Evidemment, personne n’est dupe. Ce coup de force tout comme le dernier n’est autre qu’un coup d’Etat. Cela confirme les soupçons du début, que les militaires putschistes n’ont pas pris les risques d’accomplir un putsch pour facilement céder le pouvoir. Ils ont à coup sûr leur propre agenda, et si ça ne tenait qu’à eux, ils auraient géré la transition seuls, du début à la fin. Les coups de pression de la CEDEAO, et des acteurs politiques les auront fait reculer. Ils n’en ont pas démordu pour autant. Ils sont restés au cœur du jeu politique. Les ministères régaliens et différents postes au niveau régional leurs étaient revenus. Sans oublier bien évidemment le poste de vice-présidence qui était occupé par Assimi Goita lui-même, avant que le pays ne soit rattrapé par son implacable réalité.
Et maintenant, que va-t-il se passer ? Alors que la Transition qui semblait relativement en retard sur le cahier des charges, pourra-t-il organiser les élections à date, ou tout au moins, courant 2022 comme l’a déclaré le colonel Goita ? Le nouvel président de la Transition pourra-t-il réellement relever ce défi, et surtout aura-t-il l’accompagnement de la communauté internationale ? En tous cas, cela rappelle un autre épisode de l’histoire contemporaine du Mali, lorsqu’Amadou Haya Sanogo, à lors à la tête de la junte militaire déposait le Premier ministre de « pleins pouvoirs » Cheick Modibo Diarra. Sauf que là, l’acte est bien plus grave puisque la première institution de la Transition a été démis de ses fonctions.
Agenda caché de la junte, de quoi peut-il s’agir ?

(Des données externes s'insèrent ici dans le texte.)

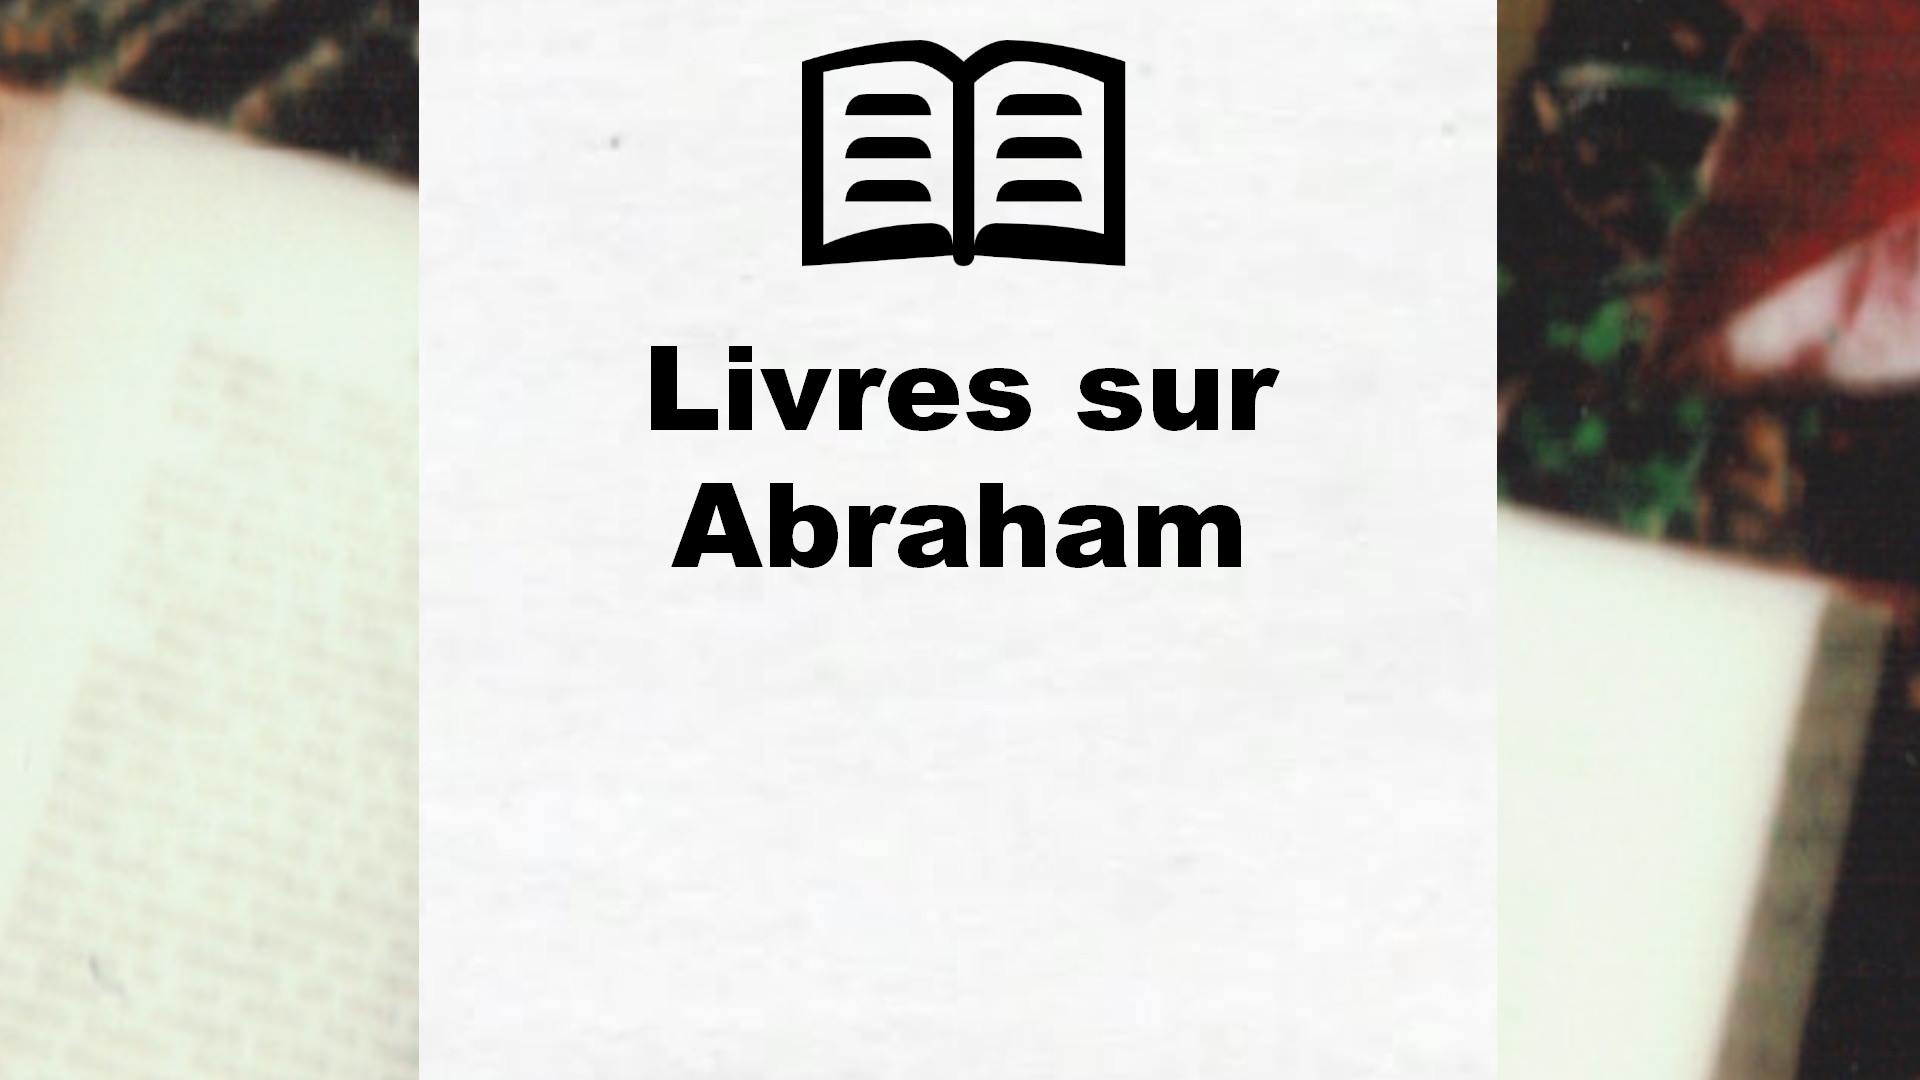 Livres sur Abraham

Après une première réflexion l’on pourrait penser que le point de bisbille entre Assimi et Bah N’daw n’est dû qu’à la composition du gouvernement mort-né qui n’aura pas assez mis en lumière les membres de la junte. Il ne s’agirait que de la partie visible de l’Iceberg. En réalité, l’agenda caché de la junte serait de remettre une bonne partie de la sécurisation du pays à une autre super puissance, la Russie. L’accord longuement ficelé et n’attendant que son paraphe par les deux parties, la France aurait été mis au courant de la volonté des colonels de changer quelque peu de cap. Chose qui n’aurait pas été du gout de Macron qui aura intimé à Ouane et Ndaw de subtilement évincé quelques têtes d’affiches de la junte du gouvernement tout en mettant l’accord militaire en question au placard. Accord qui aurait sérieusement compromis l’Accord de Défense signé entre le Mali et la France au tout début du premier mandat d’IBK. Encore une fois, le pays subirait donc de plein fouet les coups de la realpolitik.

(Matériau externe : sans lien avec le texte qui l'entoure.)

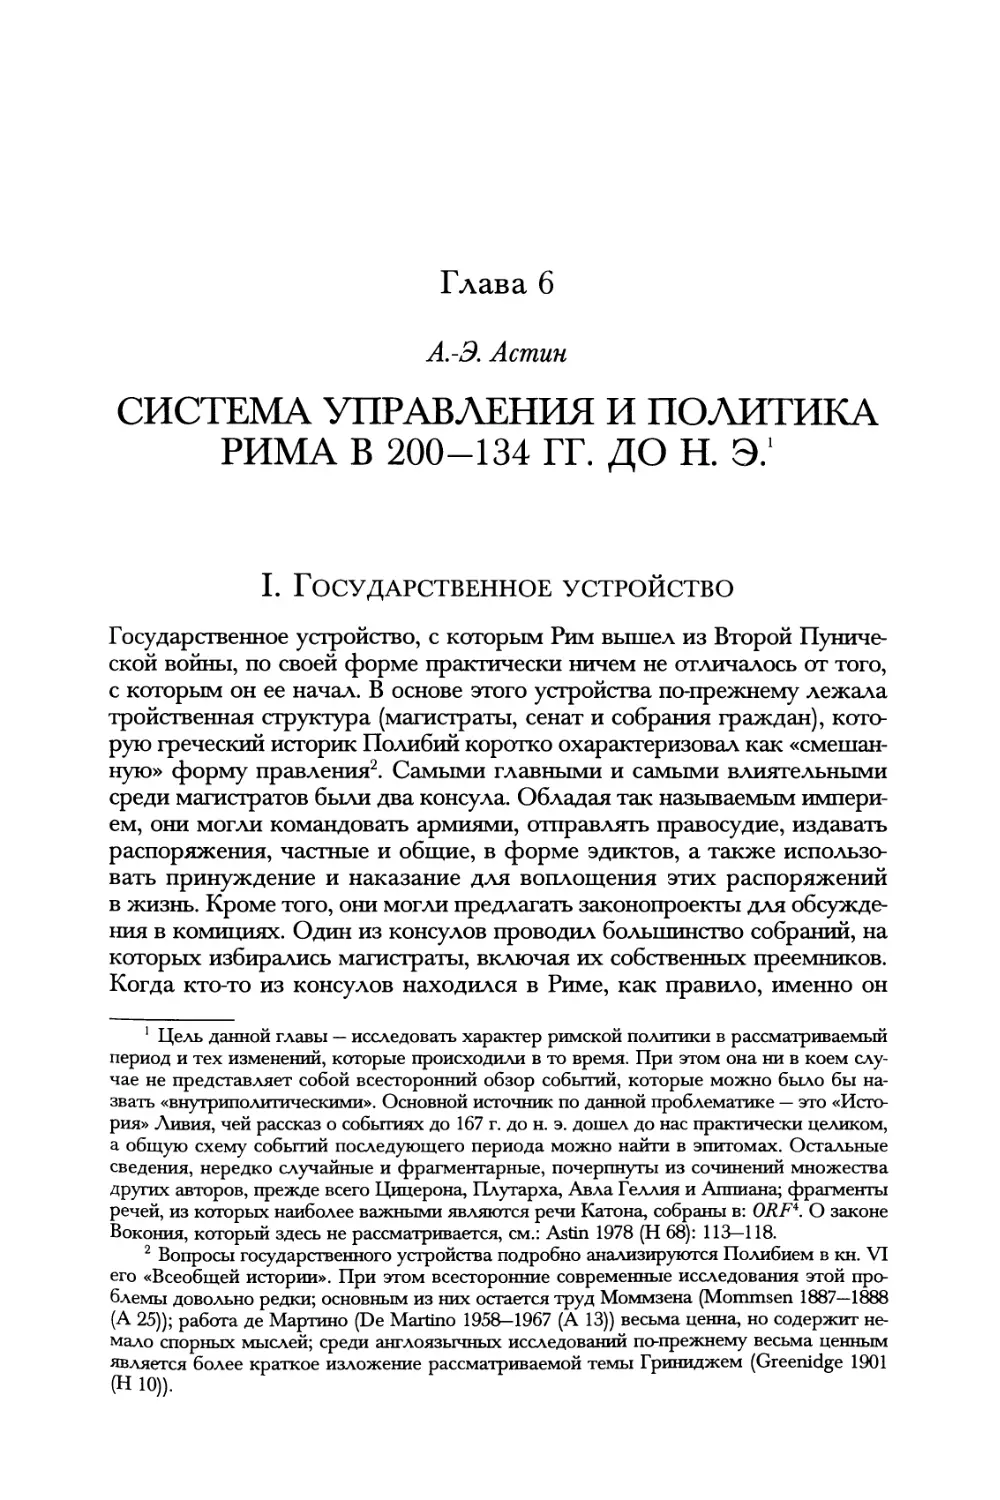 Глава 6. Система управления и политика Рима в 200—134 гг. до н. э. А.-Э. Астин

Cependant, une chose est sûre, c’est que la géopolitique, elle, a toujours sa part dans une crise locale. Pour le cas du Mali, la communauté internationale aura vite fait de se rendre compte des réalités locales du moment. Assimi Goita et sa bande sont les seuls véritables maîtres à bord, et ils n’entendent pas facilement céder avant d’accomplir ce pourquoi ils ont pris le risque de commettre ce coup d’Etat. Le choix de Choguel Kokalla Maiga comme Premier ministre n’est effectué que pour obtenir un apaisement social et politique.
Et pour ceux qui doutaient encore sur son bien fondé ou pas, la charte c’est Assimi et le contraire est vrai, même en cas d’adoption d’une nouvelle.